— От которого еще дорогими духами разило? — говорю.
— Не забыл… Да, дорого достались нам эти оберсты…
На следующий день, после работы, я снова побежал в больницу, недалеко, всего километра три.
Шура осунулся весь, стал жестче, мрачнее от непроходящей ни на минуту боли.
— Чудной сон я видел нынче ночью, Федя, — проговорил он. — Будто опять у Сысолы сижу я… На вечерней зорьке. Ну, как с тобой недавно сидели-рыбачили… Только теперь-то вроде один я. Потом, гляжу — с неба, где солнышко садится, кто-то будто начал спускаться ко мне… И будто девушка это… Лицом на Лизу похожа.
Шура вдруг замолчал, не решаясь, видимо, рассказывать дальше последний свой сон. Потом вдруг вздохнул тяжко, сказал:
— Завтра вот операцию сделают. Больное место вырежут и выбросят к чертям собачьим. Мы с тобой, Федя, еще поживем!..
Пришла медсестра, сделала ему очередной укол.
— Ну, беги, Федя, домой… — сказал Шура, снова открывая глаза и пожимая мою руку ослабевшей своей рукой. — Да веселее гляди, чего скис, мушкетер! Завтра вечером приходи.
А у меня так и брызнули слезы. Я едва не взвыл в этой палате, пропитанной горьким запахом лекарств. Потом я, ничего внятного так и не сказав, вышел.
А назавтра Шуры Рубакина не стало.
После работы мы вчетвером — Зина, я, Андрей и дядя Капит — отправились проведать Шуру. Захватили с собой все вкусное, что только нашлось на караванке. Мол, у него, после операции-то, добрый аппетит проснется, пусть скорее набирает силу.
Но Шура Рубакин лежал уже в морге. Меня пустили туда. Да, это он, Шура, на длинном столе, до подбородка покрытый белой простыней. Я, будто в кошмарном сне, напуганный, разбитый смотрю на него, смотрю, смотрю… И не смею приблизиться. Шага шагнуть не смею. Ноги будто свинцом налились. Смотрю, смотрю, смотрю… Лицо у Шуры вроде бы разгладилось… Будто помолодело. Вчера не такое было. А сегодня смягчилось. Видно, боль-то отпустила…
Что-то шепчет дядя Капит.
Да в самом деле, что ли, уж нету Шуры?!
У меня помутилось в душе, в глазах потемнело. Зашатался я… Выбросился на улицу. На свет. Солнечная осень. Еловые аллейки тихо поют о чем-то своем. Березовый лист шуршит под ногой. И тут полились слезы… Ручьем пошли Будто прорвалась какая-то запруда. Я запрятался в самый отдаленный угол больничного большого палисадника и без всякого сопротивления, весь, сколько меня было, отдался этим слезам.
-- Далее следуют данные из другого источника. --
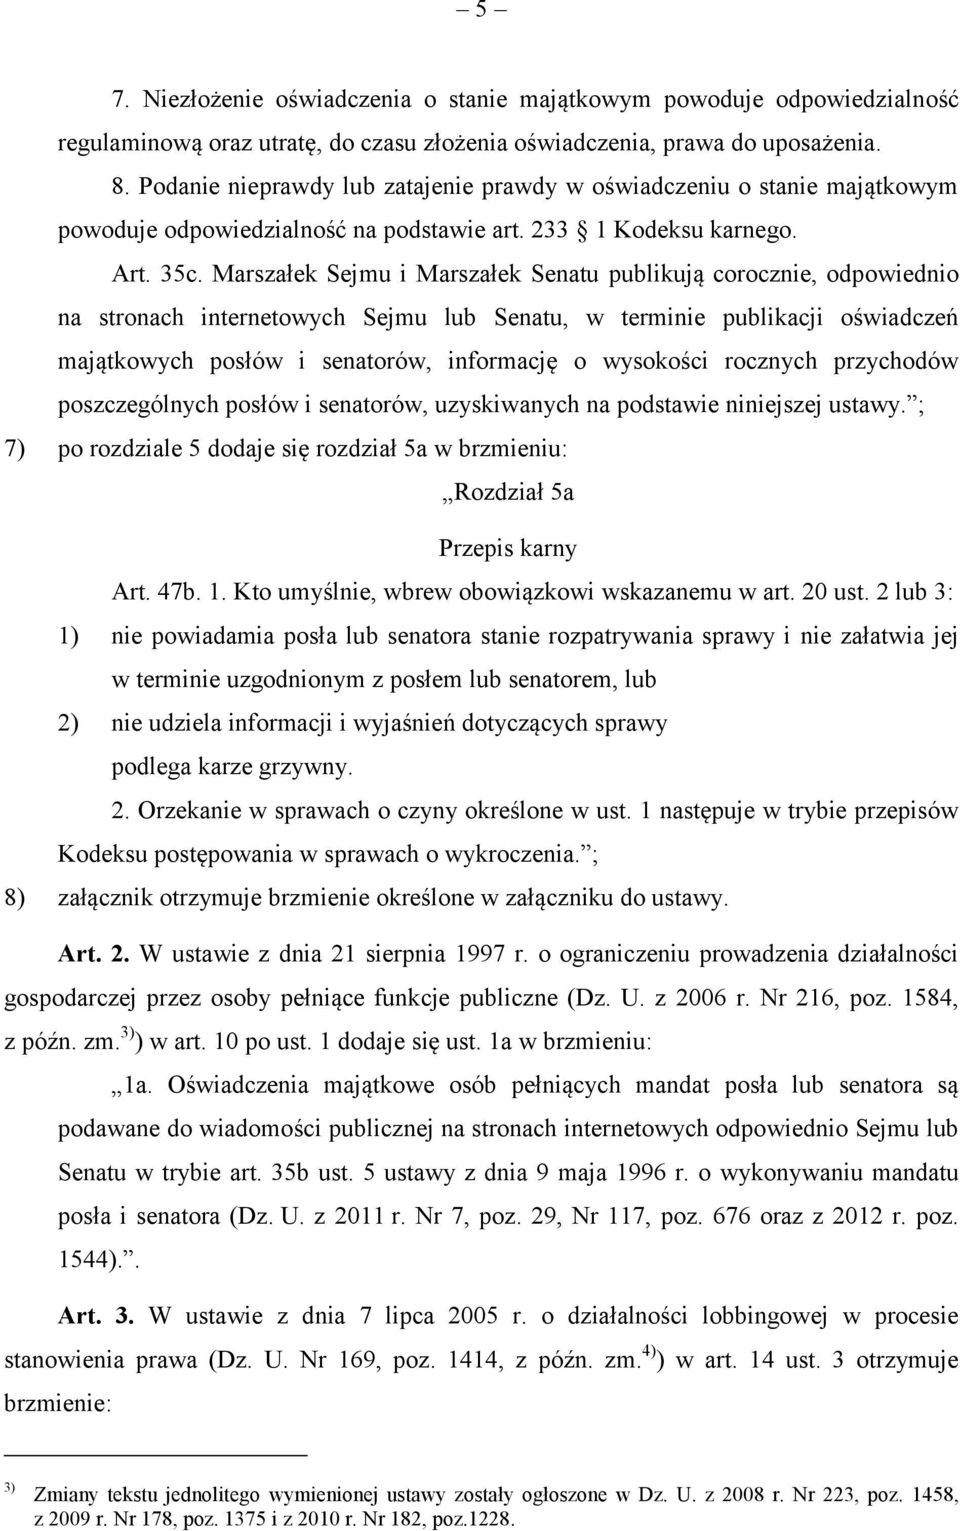 Marszałek Sejmu i Marszałek Senatu publikują corocznie, odpowiednio na stronach internetowych Sejmu lub Senatu, w terminie publikacji oświadczeń majątkowych posłów i senatorów, informację o wysokości

Потом главный хирург больницы — мужчина средних лет, но почему-то с очень морщинистым лицом — объяснял нам. Мы, говорит, сделали все, что только возможно. У него, говорит, и так уж была только третья часть желудка. И даже этот обрывок, после ранения, как следует никогда не заживал и стал как тот старый сапог, на котором, когда начнешь подшивать, нитке не за что зацепиться. Я, говорит, удивляюсь, как до сих пор он жить мог да еще работать с таким-то желудком…
Мы похоронили Шуру на городском кладбище. Много народу собралось — из хвостовой караванки, из сплавного треста. Специальным самолетом прилетели жена его, Нюра, и семилетний сынишка Вовка…
На похоронах оказался и мой брат Митя. Я уж говорил, что учился он в городе, на курсах десятников. После того как простились мы с Шурой Рубакиным, мы с Митей заглянули и на мамину могилу. Подправили скособочившуюся плаху-крест. Печально посидели. Потом Митя вдруг спросил:
— Федя, почему это самые лучшие люди так рано помирают?
Будто ножом полоснули меня эти слова, и снова закипели во мне слезы.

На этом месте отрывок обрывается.